ENTRANCE TO A BURMESE PAGODA.
It is a curious feature about pagodas that though so many are seen going to decay they still continue to build. The explanation of this is that the work of special merit is to build a pagoda, and no special merit attaches to the work of restoration or repair, except in the cases of the few pagodas of great renown, which are greatly resorted to by worshippers and pilgrims.
On the morning of the fourth day from Prome we reached Mandalay. Here we met the Rev. J. H. Bateson, who had arrived three weeks before, having come out from England in the capacity of Wesleyan chaplain to the Upper Burma Field Force.
The first thing to attend to after we had looked round a little was to find a place to lodge. This matter was soon settled by our Army chaplain taking us to the quarters which had been assigned to him by the military authorities. This lodging was novel, for it consisted of one of the buildings belonging to a large Buddhist monastery, substantially built of teak, and with the usual highly quaint, ornamental and fantastic-looking roof, richly decorated with most elaborate carving all over, and tapering at one end into the form of a spire. There were many other buildings of a similar kind around us, some of them really grand and imposing. Within a very short distance of us, in buildings of a similar kind, which are quite different from the ordinary Burmese houses, the whole of the 2nd Battalion of the Hampshire Regiment, several hundreds strong, were lodged. It was said by the chief Buddhist authorities about the time of the annexation that there were close upon six thousand monks in Mandalay, but there are monastery buildings to accommodate many times that number. In addition to all the monks, the entire British force of English troops, Native Indian Sepoy troops, and military police in Mandalay, altogether several thousands strong, were lodged in monastery buildings, and still there was plenty of room to spare.

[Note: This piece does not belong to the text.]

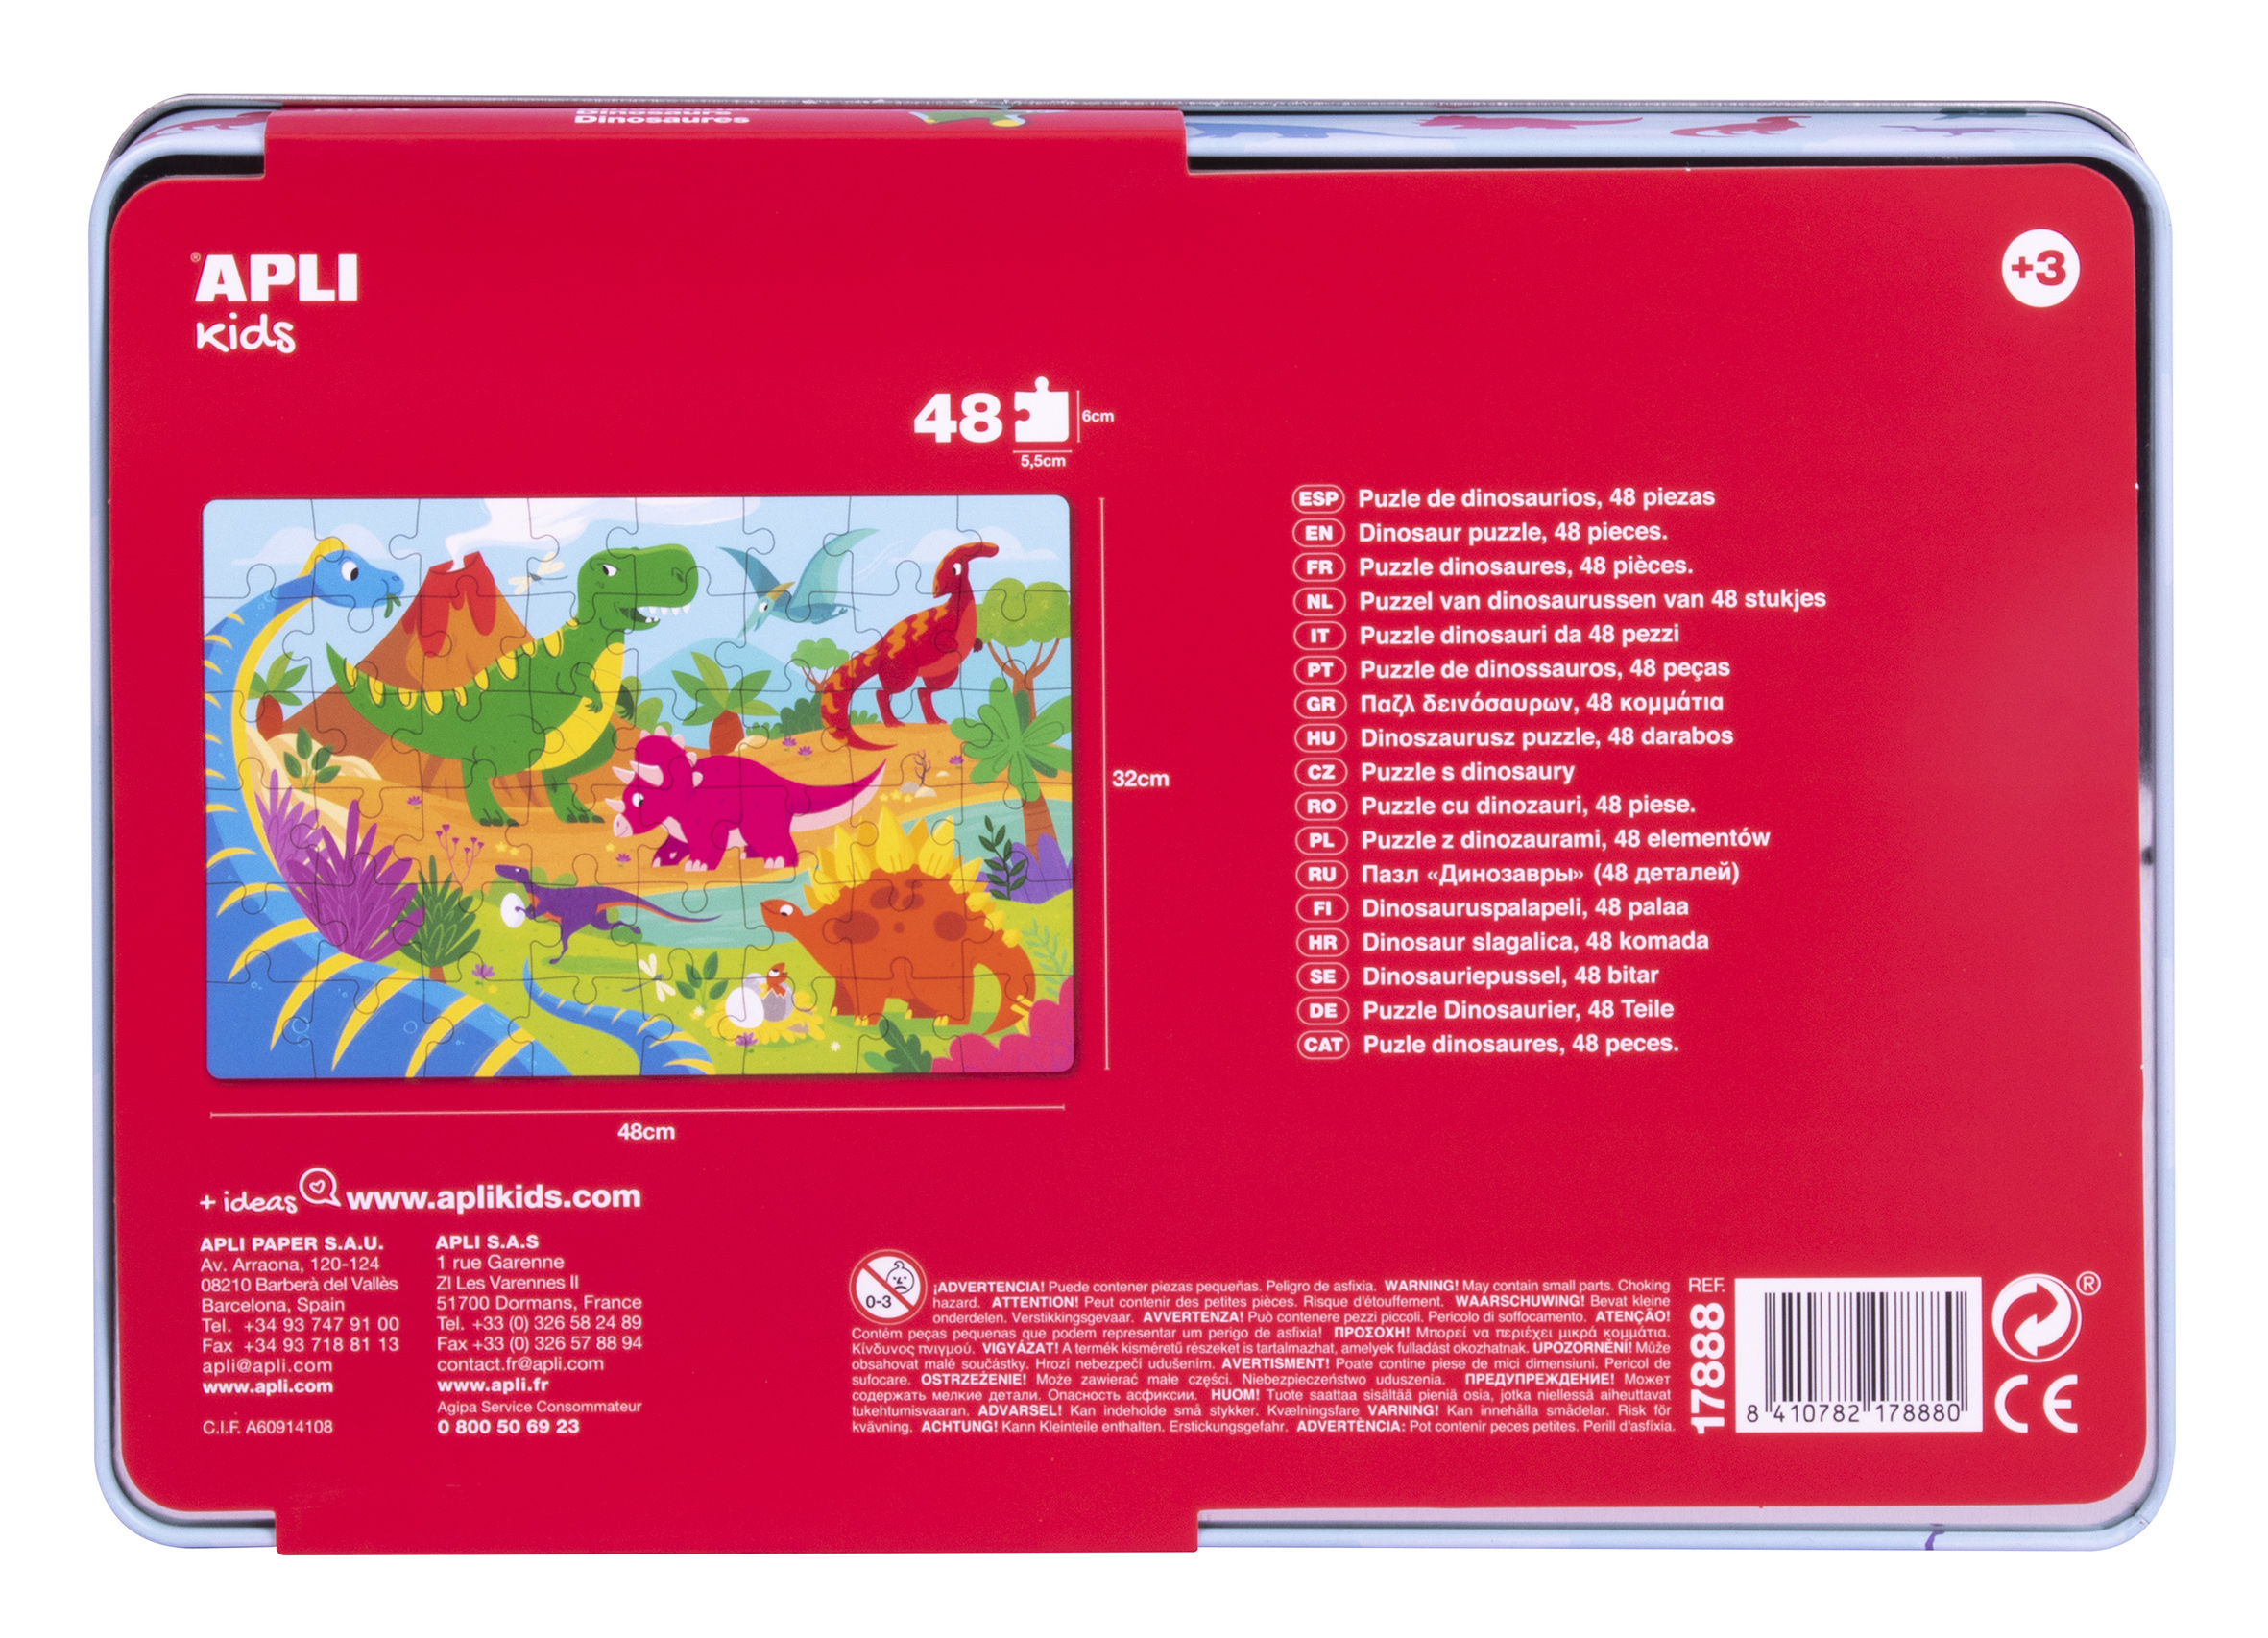 Puzzle Dinosaure Apli Kids - 48 Pièces de 5,5x6cm - Boîte Rectangulaire en Métal - Design Exclusif pour Enfants, Coloré, Clair et Simple - Pièces Résistantes et Sûres - Épaisseur 2mm avec Finition Brillante et Indiana au Dos

Mandalay has been well styled the Vatican of Buddhism. So numerous are the religious buildings they seem almost endless, and it is evident that no small portion of the resources of the country must have gone in these works of merit. Within a day or two of our arrival, when we began to look about, we found that we were in close proximity to many remarkably fine religious buildings, and many startling contrasts were brought into view by the exigencies of the times. Close by the quarters of the Hampshire Regiment was a pagoda of fantastic shape. Being a brick building, and not liable to catch fire, it had been put in use as the armourer’s shop, and there the regimental blacksmith was at work with his anvil and tools, his portable fireplace and bellows, and close beside him, as he worked, was the beautiful marble image of Buddha for which the pagoda was erected.
The regimental canteen, from whence proceeded of an evening the loud laughter of the soldiers in their cups, and the singing of many a long-drawn-out song in the true English vernacular, was originally a building consecrated to Buddhist meditation, asceticism and prayer. The regimental guard-room—and in those days they had to keep good watch and ward, for the country was in a state of great disturbance—was a Burmese zayat or resting-place, built by the piety of some one for the benefit of frequenters of these holy places, who little imagined that his zayat would ever be used as a place of detention for drunken and refractory British soldiers.
But the great sight of the place is the “Incomparable Pagoda,” as the Burmans proudly style it, situated close by the guard-room, and directly facing the beautiful monastery building then used as the officers’ mess. This remarkable structure is a huge pile of building raised upon vast masonry pillars. It measures fully 300 feet in length, is proportionately broad, and rises in the form of a pyramid to such a height as to be visible several miles off. Its sumptuously carved and gilded teak-wood doors, forty-four in number, are quite a sight to see in themselves, as is also the magnificent decorative plaster work all around and over the building, and rising to its very summit. At that time, in the absence of churches and chapels, for want of a better place with sufficient space for hundreds to assemble together, the Hampshire Regiment used to have “church parade” in the vast expanse amongst the pillars at the basement of the Incomparable Pagoda. It was a cool, airy, comfortable place, and open on all sides to the breeze, so that it answered very well in such a hot climate.